It’s easy to record conversations secretly on smartphones. If that happens in the workplace, can the employee who has made the recording be dismissed, and can the covert recording be used in evidence?
In the Employment Appeal Tribunal (EAT) case of Phoenix House Ltd v Stockman an employee had made a covert recording of a meeting with her colleague. The employer argued that the covert recording was a breach of trust and confidence and had they known about it, they would have dismissed the employee for gross misconduct. They argued that she was not entitled to any compensation.

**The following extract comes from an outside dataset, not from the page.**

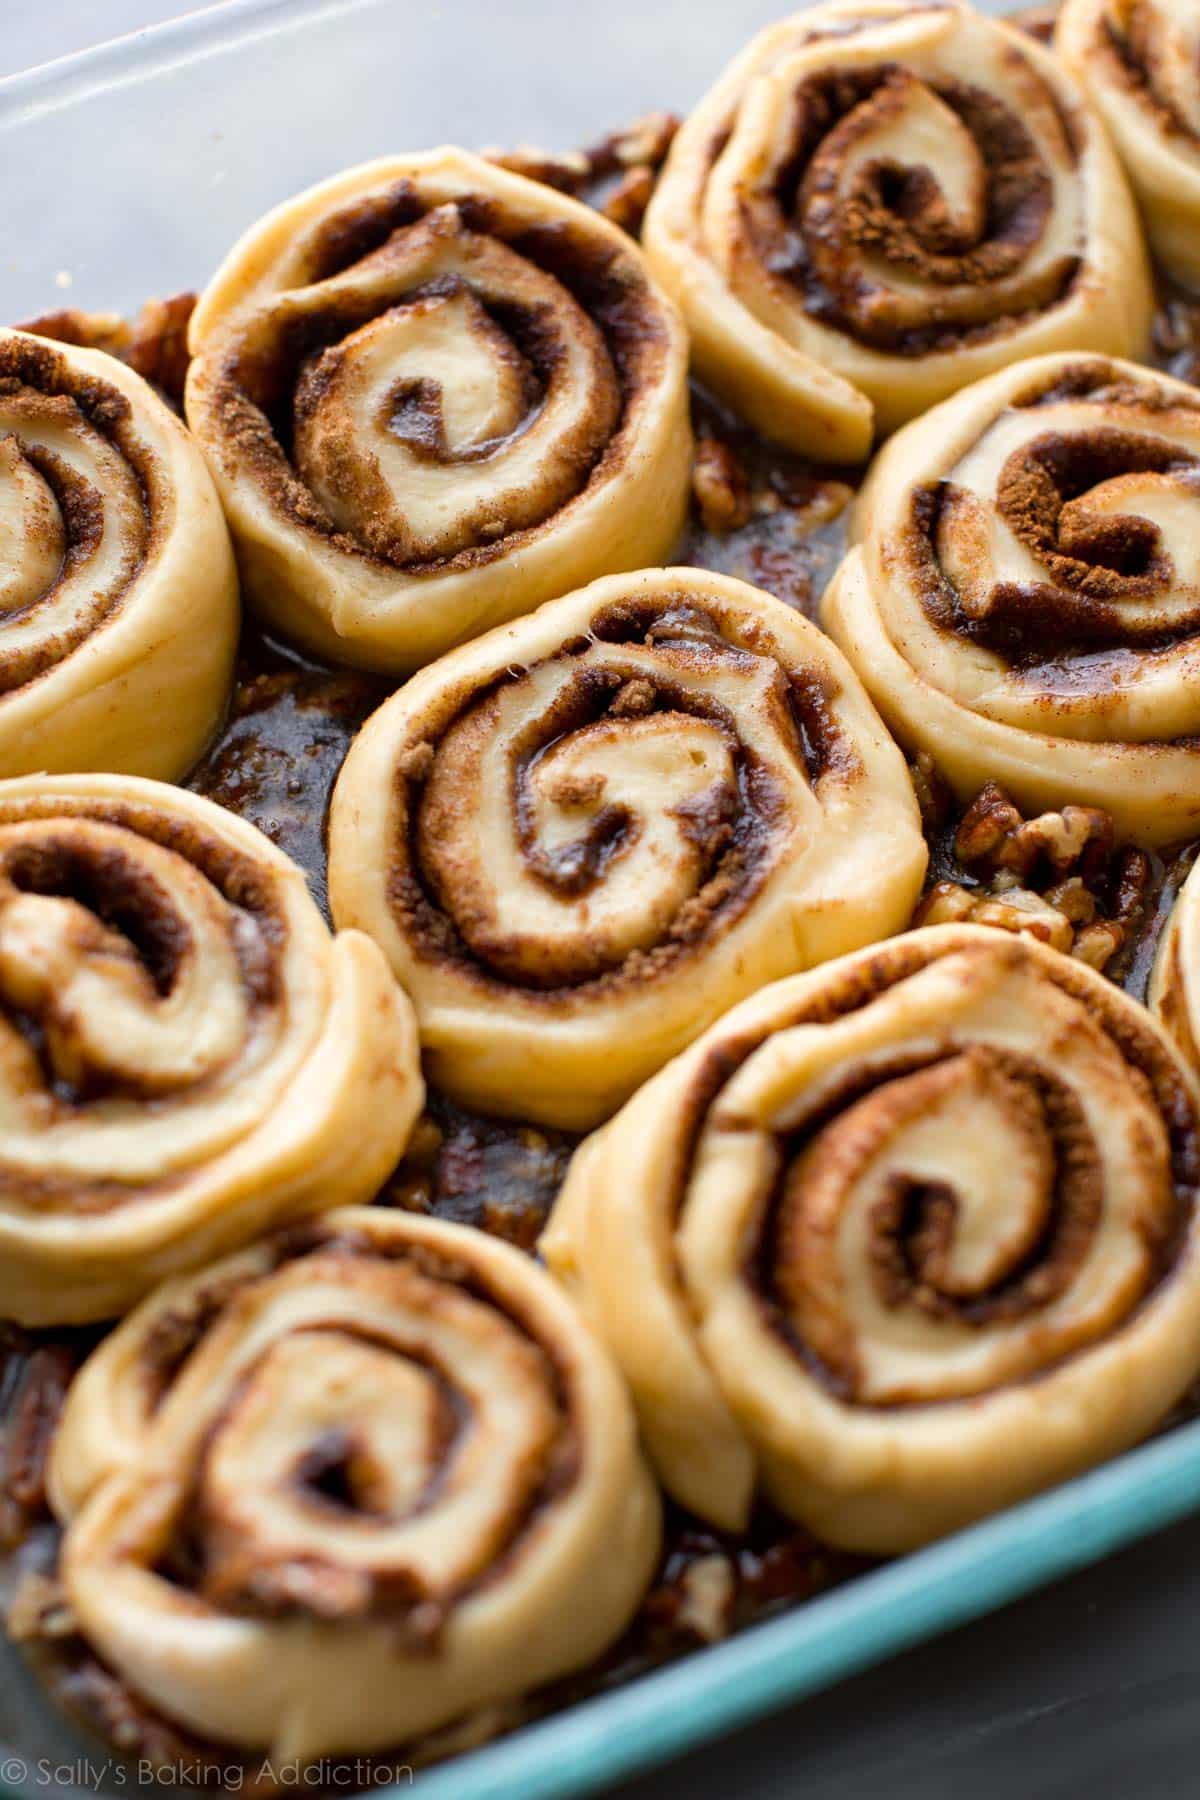 How to make maple pecan sticky buns on sallysbakingaddiction.com

The EAT held that making the covert recording did not automatically mean the employee should be dismissed, or that her compensation for unfair dismissal should be reduced. Whether making a covert recording at work is a sacking offence depends on an assessment of all the circumstances, for example:
- the content of information recorded: is it highly confidential, or information which only concerns the employee?

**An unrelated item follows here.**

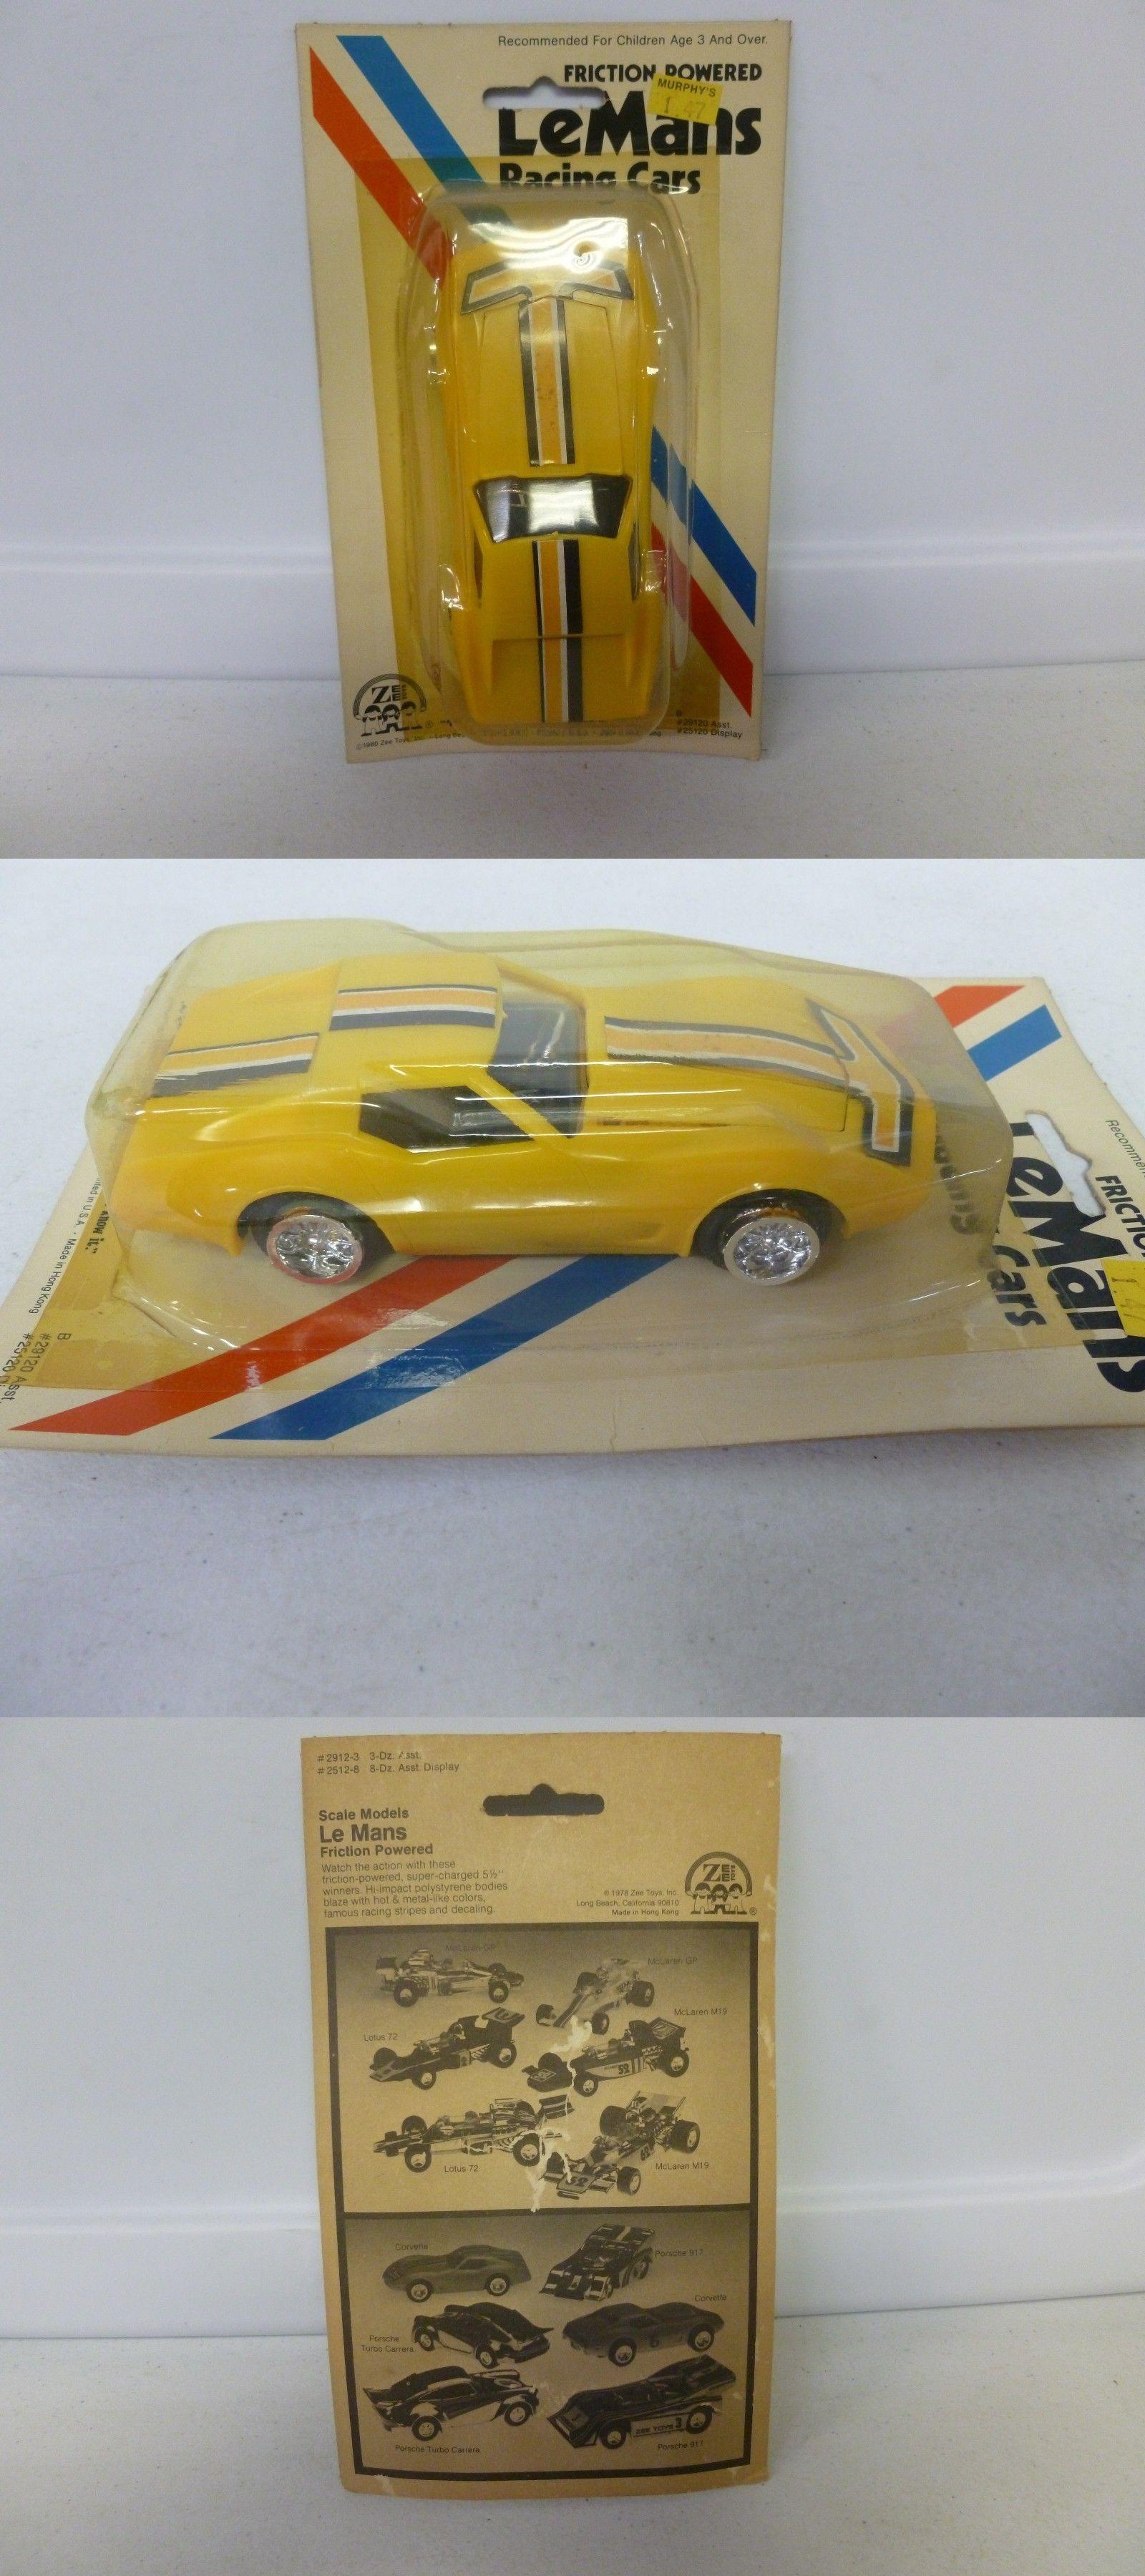 Cars 3 toys racers  Vintage  Zee Toys Friction Powered LeMans Racing Car Corvette

- the purpose of the recording: is the employee acting maliciously and intending to entrap the employer, or simply to assist their recollection of the meeting?

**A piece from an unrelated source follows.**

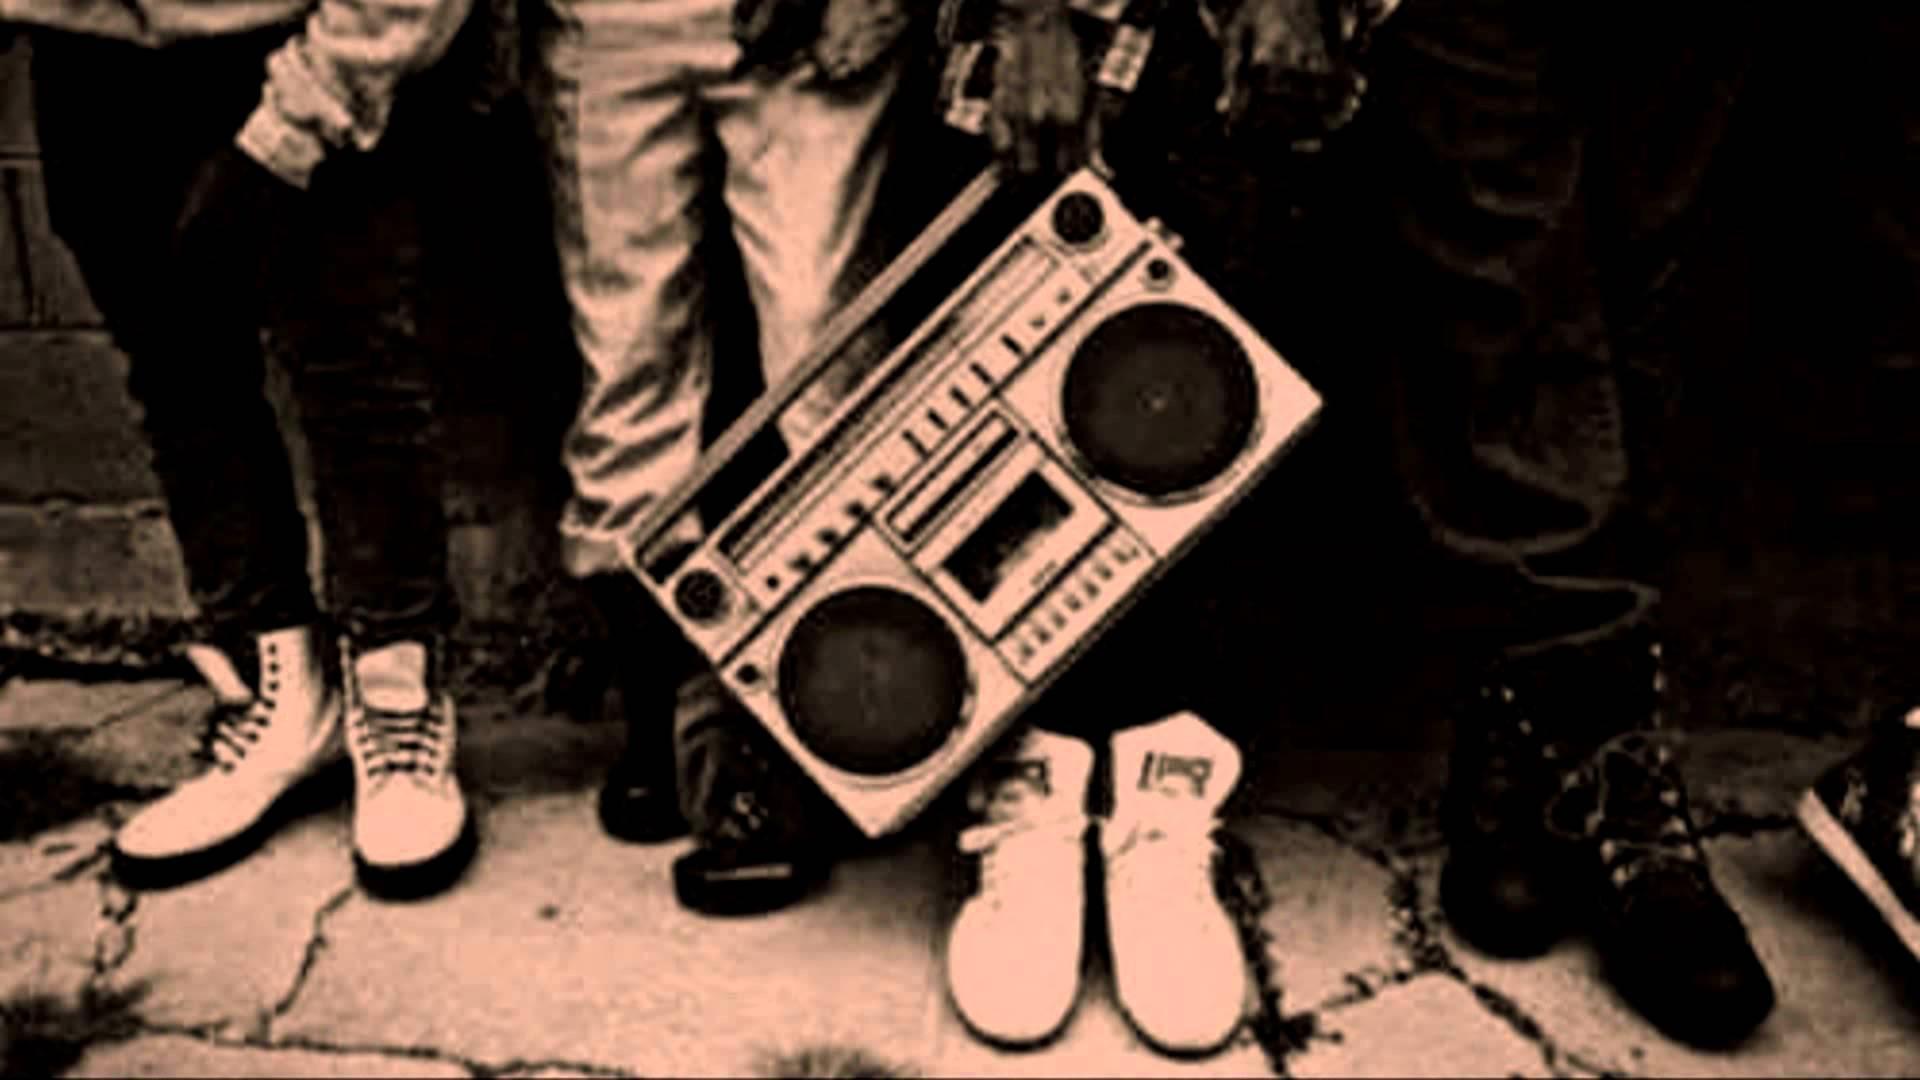 Top 5 Old School Hip-Hop Songs

- the extent of blame of the employee: was the employee aware that they were not permitted to make the recording, or was it done innocently?
- evidence of the employer’s approach to covert recordings: is it listed in the employer’s policies as gross misconduct?
Employers should make their views about recording meetings known clearly, and may want to list covert recording as an instance of gross misconduct. If a covert recording is made, employers should consider the specific circumstances before moving to disciplinary action.
Evidence that has been covertly recorded may well be admitted by an employment tribunal. Besides having good policies and practices to discourage covert recording, employers should be mindful that their conversations may be recorded and aim not to say things that they might regret when played back.